Work has begun on the connector road between Church and Otter Point Roads.

New connector road draws comments

Bypass route through downtown Sooke on district agenda

Not everyone who came to the January 13 Committee of the Whole meeting to hear about the new connector road was happy with the design.

The connector is a $2,581,311 project to link Church and Otter Point Road in stage one of a multi-staged road network which will eventually provide a through road from Phillips Road to West Coast Road. The connector road and the trails have been identified in the 2009 Transportation Master Plan and the Parks & Trails Master Plan. A multi-use trail is already in place along Church Road. This first stage is expected to be complete by September 2014.

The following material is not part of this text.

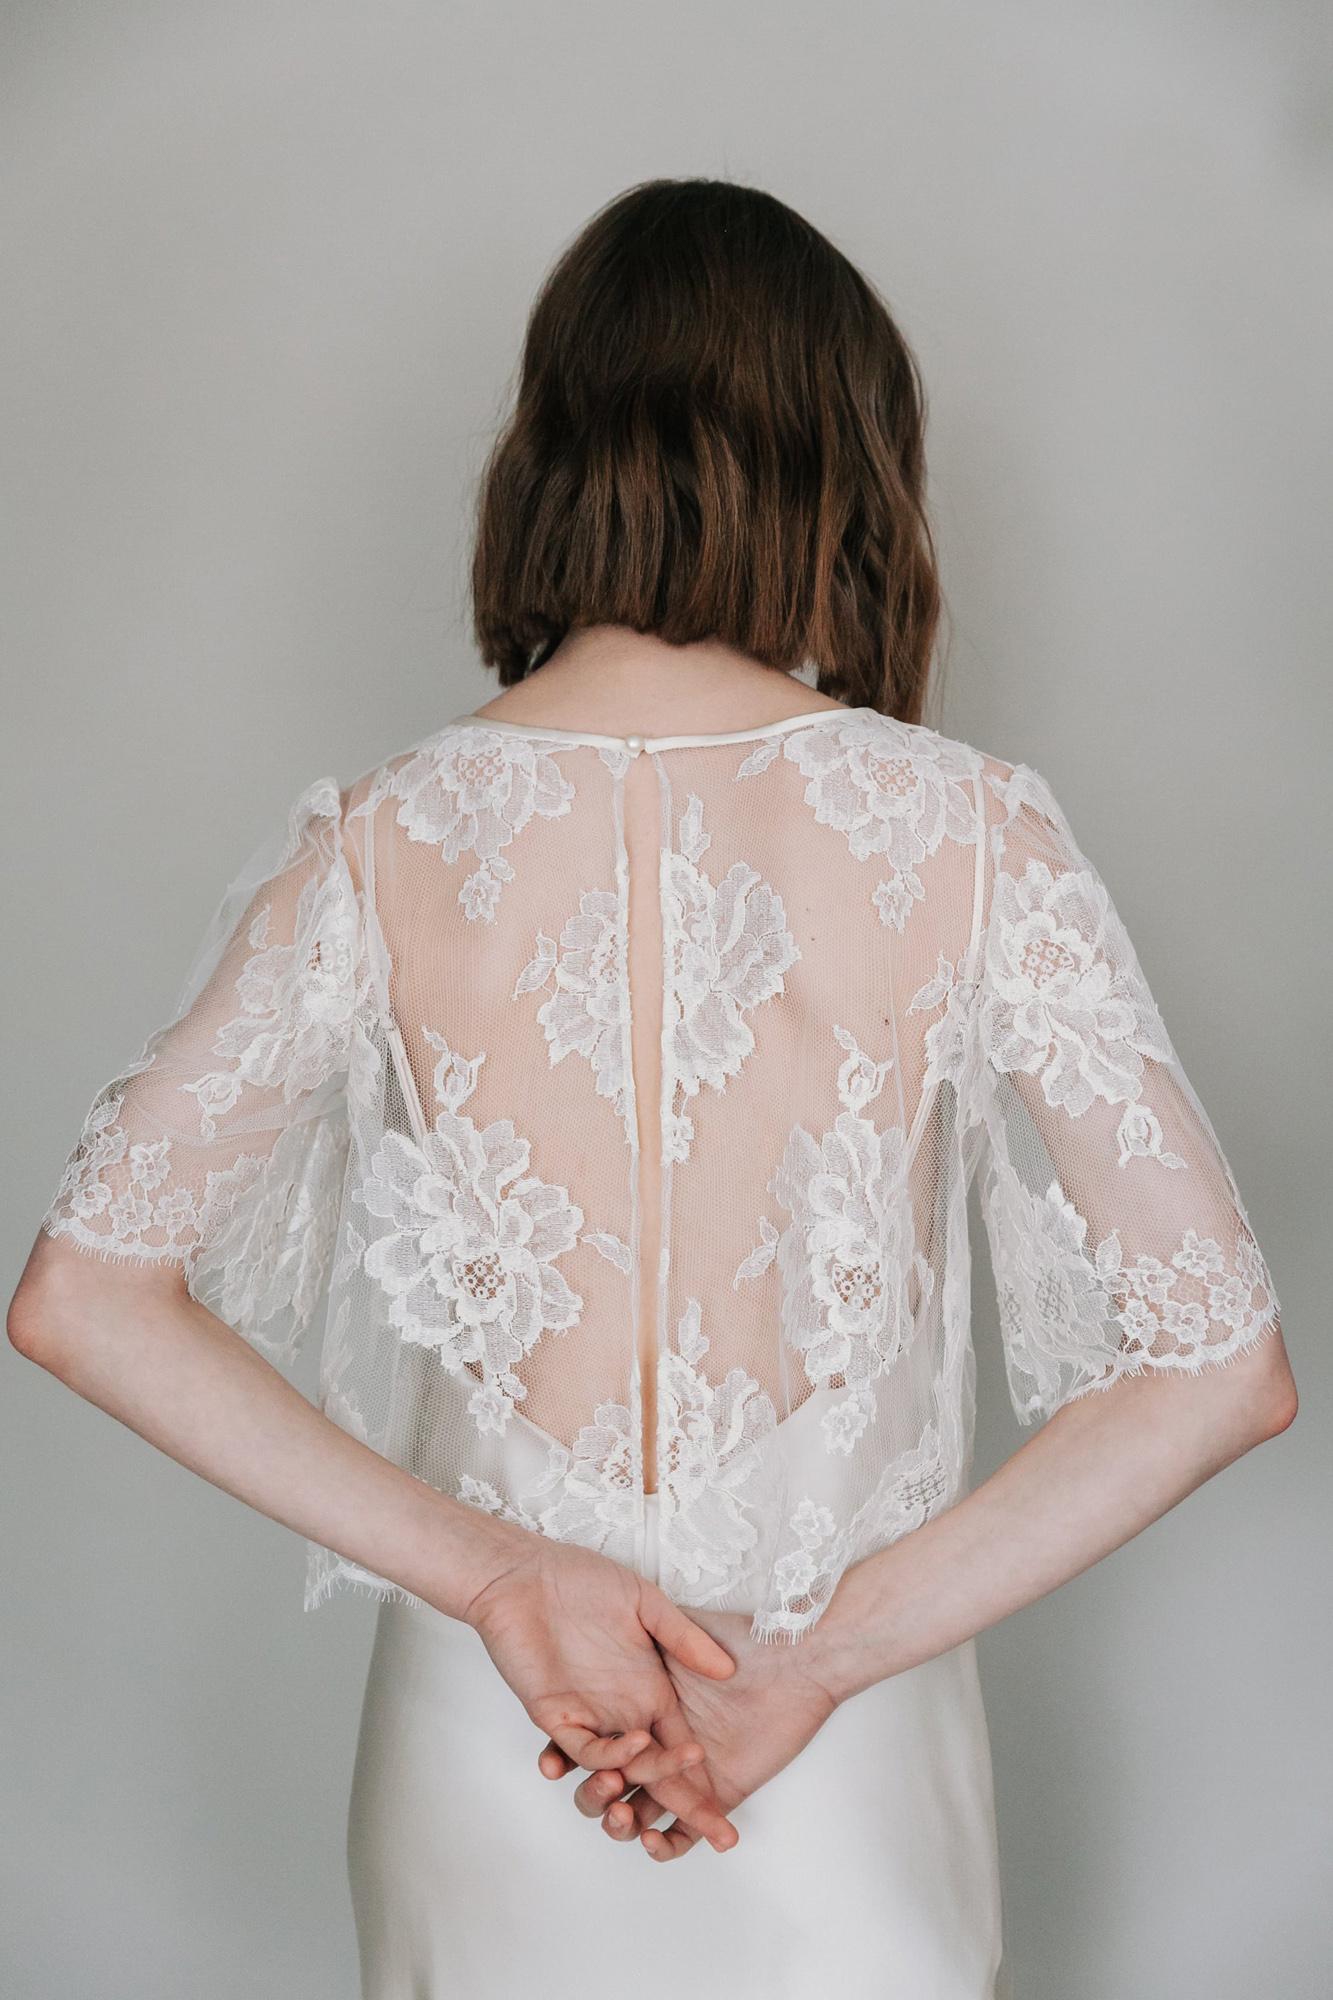 Kate-Beaumont-Sheffield-Rosa-Floral-Lace-Jacket-Camellia-Bias-Cut-Silk-Wedding-Gown-8.jpg

“We are trying to shift vehicular traffic off Sooke Road and take some pressure off the downtown core, that’s the idea,” said Mayor Wendal Milne.

One of the issues was the number of intersections along this section of the connector.

Peter Ferguson, of McElhanney Consulting Services Ltd., stated there would be a multi-use trail on the south side and a sidewalk on the north side of the connector road. A round-about would eventually be located at the intersection of Otter Point and Grant Roads.

Other concerns included safety issues such as; sight lines on the hill on Townsend Road, sun in the eyes of drivers during the winter months, lack of push-buttons at crosswalks and cyclists on the road rather than on the multi-use trail.

A couple of residents came forward and asked that no through road be punched in from Anna Marie Road and it be left as is with its cul-de-sac.

Councillor Rick Kasper wanted to see less crosswalks, the multi-use trail on the north side of the road and local bidders to reduce the carbon footprint.

Other issues already mentioned were brought up by council and in the end Mayor Milne said, “and that’s where our democratic opinions differ.”

Ferguson answered most of the questions that were posed by council and the residents. He said pedestrians would get the “highest priority” in deliberations. Crosswalk warning signs would be in place as well as  lighting and a boulevard between the pedestrians and the traffic. As the project is still in the design phase, amendments could still be made.

The report was accepted and a further report will be presented to council on options on cost and what to do on Townsend Road.

Council gave instructions for the consultants to get on with the design and the cost estimates.